How does such information get recorded in our databases and shared via DwC
terms?  The easy answer is to establish the link directly between a taxon
and a location, as is done in Dave's DwCA Species Distribution extension
(http://rs.gbif.org/extension/gbif/1.0/distribution.xml).  This is probably
fine for "abstracting" distribution information, and is perhaps appropriate
for a DwCA extension.  But in my opinion, it's a suboptimal approach to
structuring the original information.  Another approach is to re-frame the
statement above as:

"We infer from Jones (1950) that at least one organism that he called 'Aus
bus' was observed or collected in Hawaii"

... which allows us to represent this information in the form of an
Occurrence record (albeit a somewhat skeletal one).

But this leads us into what I think is the real crux of the issue, which is
to idenify what the scope of an "Occurrence" is or sould be.

These are the obvious ones:

- Captured one individual of an organism I identify as "Aus bus" at place
and time. 
- Captured a thousand individuals of an organism I identify as "Aus bus" at
place and time [think plankton tow].  
- Observed one individual of an organism I identify as "Aus bus" at place
and time. 
- Observed a thousand individuals of an organism I identify as "Aus bus" at
place and time [think large school of fish, herd of wildebeest, flock of

Not In-Scope:
- Hawaiian Islands; Oahu; Kaneohe (21.410458, -157.774881)
- Aus bus (Linnaeus 1758) sec. Jones 1950

But the question is whether the following statement falls within scope of an

- A population of an organism identified as "Aus bus" occurs at place and

Perhaps the differences in perspectives we're seeing on this thread are a
result of differences on how we would answer that question.

If the answer is "yes, it's within scope", then I would argue that
"nativeness" is a property of an Occurrence (as it already is in DwC, in the
form of establishmentMeans).

If the answer is "no, it's not in scope", then OK -- but in that case, how
does one represent "nativeness" within DwC?  That is, what class of object
would establishmentMeans be a property of?
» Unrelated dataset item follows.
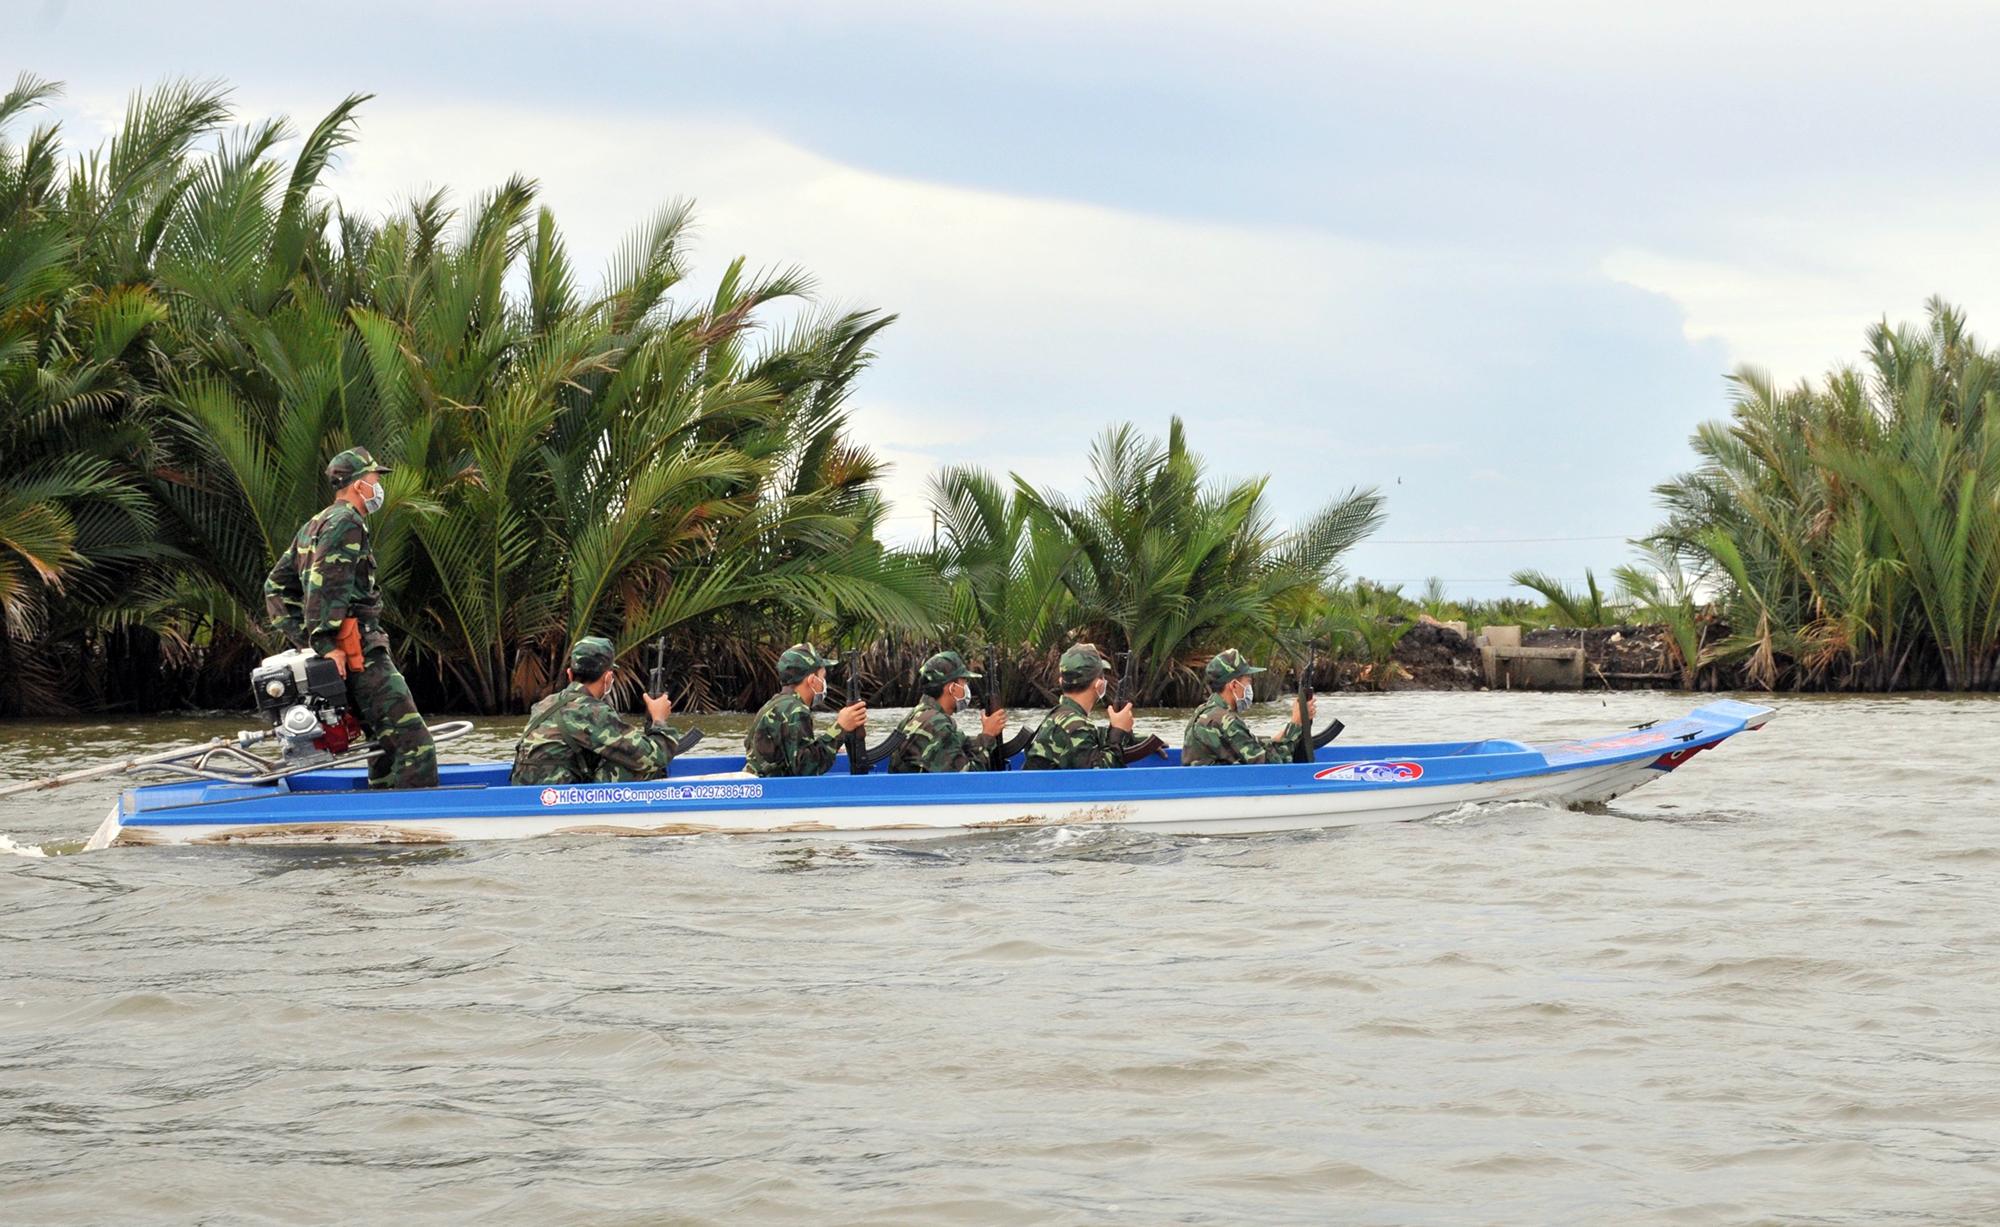 Lực lượng Biên phòng Kiên Giang tuần tra tuyến biên giới ở TP Hà Tiên. Ảnh: Nguyễn Phương

> The answer will always depend on the question asked.

Yes!  Exactly the point of my previous post.

> As Kevin says, when I observe an individual (or flock of individuals) 
> I do not observe their "introducedness" or their "nativeness" this 
> is something that is derived from combining multiple observations 
> of occurrence of individuals.

If the scope of "Occurrence" is limited to specific individuals at specific
place and time, then I would agree.  But if the scope of "Occurrence"
includes statements about populations of organisms in less-precise places
and times, then I think it does.

> I would therefore advocate that we just have a flag on an occurrence 
> record that says "intended for distribution" i.e. this is not 
> maintained here in a garden/zoo/farm etc. To say any more on a 
> occurrence record is misleading and there are occasions when 
> even this flag will be ignored in analysis. I think we already 
> have this field.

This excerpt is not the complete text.